涼しい風を感じる頃

主教 植田仁太郎

 九月に入っても、まだしばらく暑い日が続くのでしょう。早く秋の涼しい風が吹いて来ないかなァ、とその日を期待しつつ。私の若い頃、キリスト教団体の職員として、バンコク・シンガポールという熱帯の都市に駐在したことがあります。熱帯の地に暮らしながら、毎年九月になると、日本に居る時と同じように、心の中でもうすぐ涼しい風が吹くようになるんだ、と楽しみにしている自分が居るのに気付いて、我ながら苦笑してしまったことが度々ありました。

 キリスト教誕生の地、エルサレムの夏もかなり厳しいものです。
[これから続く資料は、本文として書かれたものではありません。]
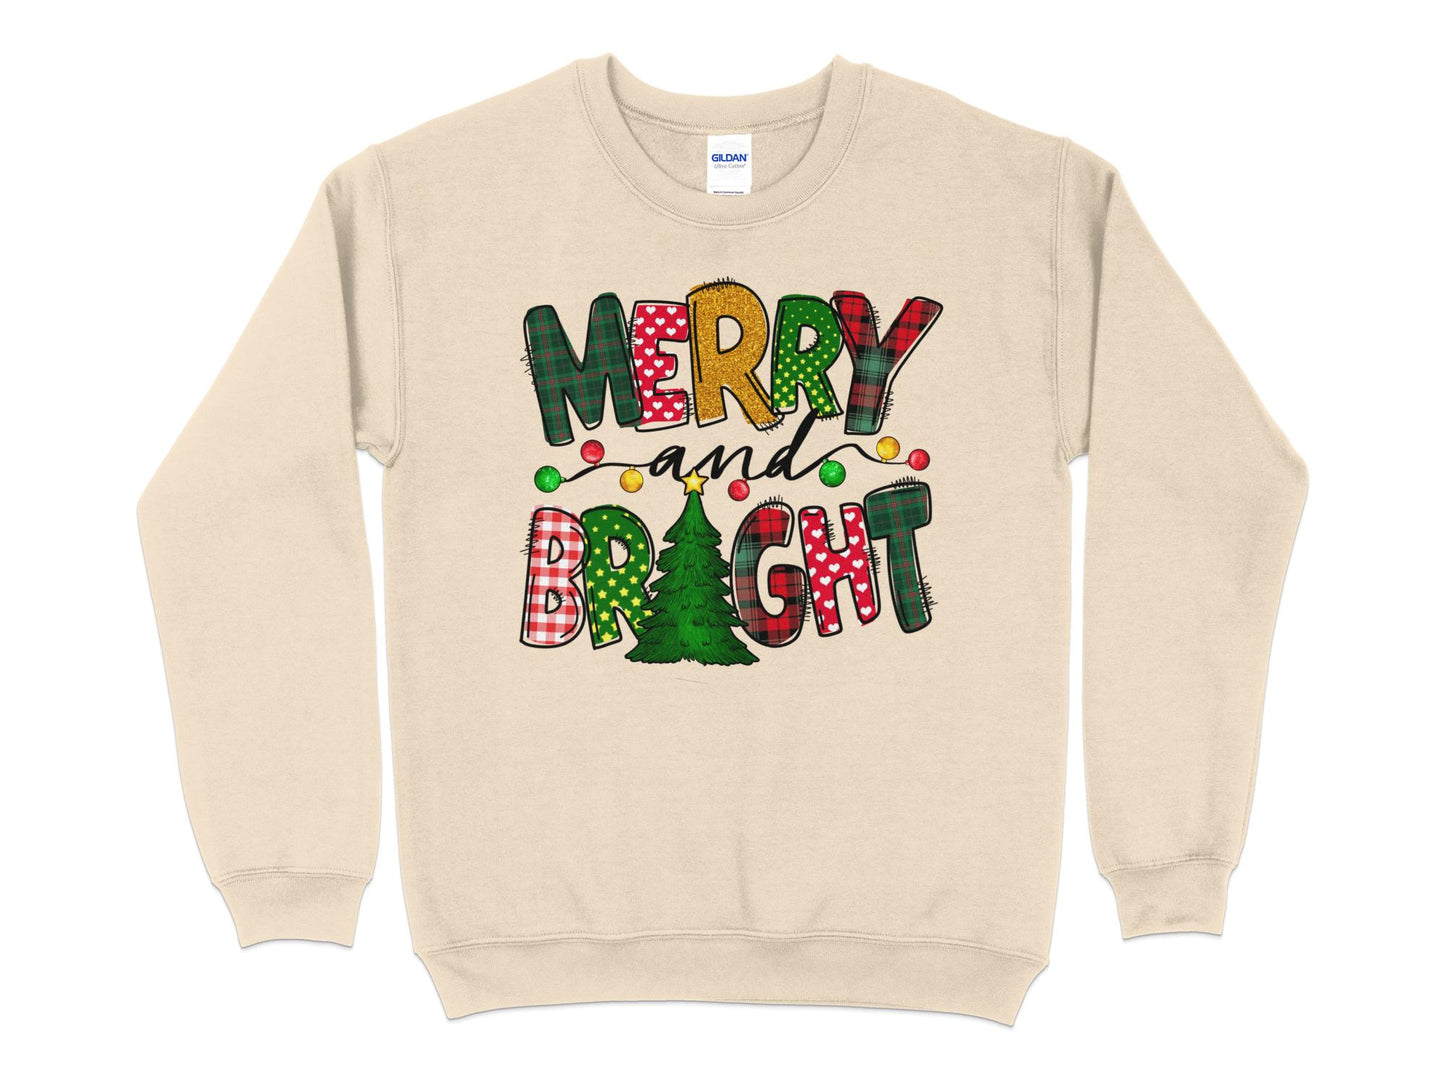 Merry and Bright Sweatshirt, Merry Christmas Shirt for Women, Christmas Crewneck - Mardonyx Sweatshirt Sand / S

しかし、日射しは強いものの、夕方になり陽が傾くと、本当に心洗われるような涼しい風が吹き始め、それが夜半まで続きます。その風を石造りの建物にできるだけ取り込んで、昼間の暑気の残りを室内から追い出します。

 昔のヘブライ人も、この夏の夕方の涼風を、神の楽園にも吹いているすばらしいものと受け取ったようです。有名なエデンの園で、最初の人類であるアダムとエバが“禁断の木の実”を食べてしまったその日の夕、「風の吹く頃」(創世記3-8)主なる神が園の中を歩く音を聞いて、二人はハッと恐れを抱きます。人類がその犯した罪を気付く瞬間です。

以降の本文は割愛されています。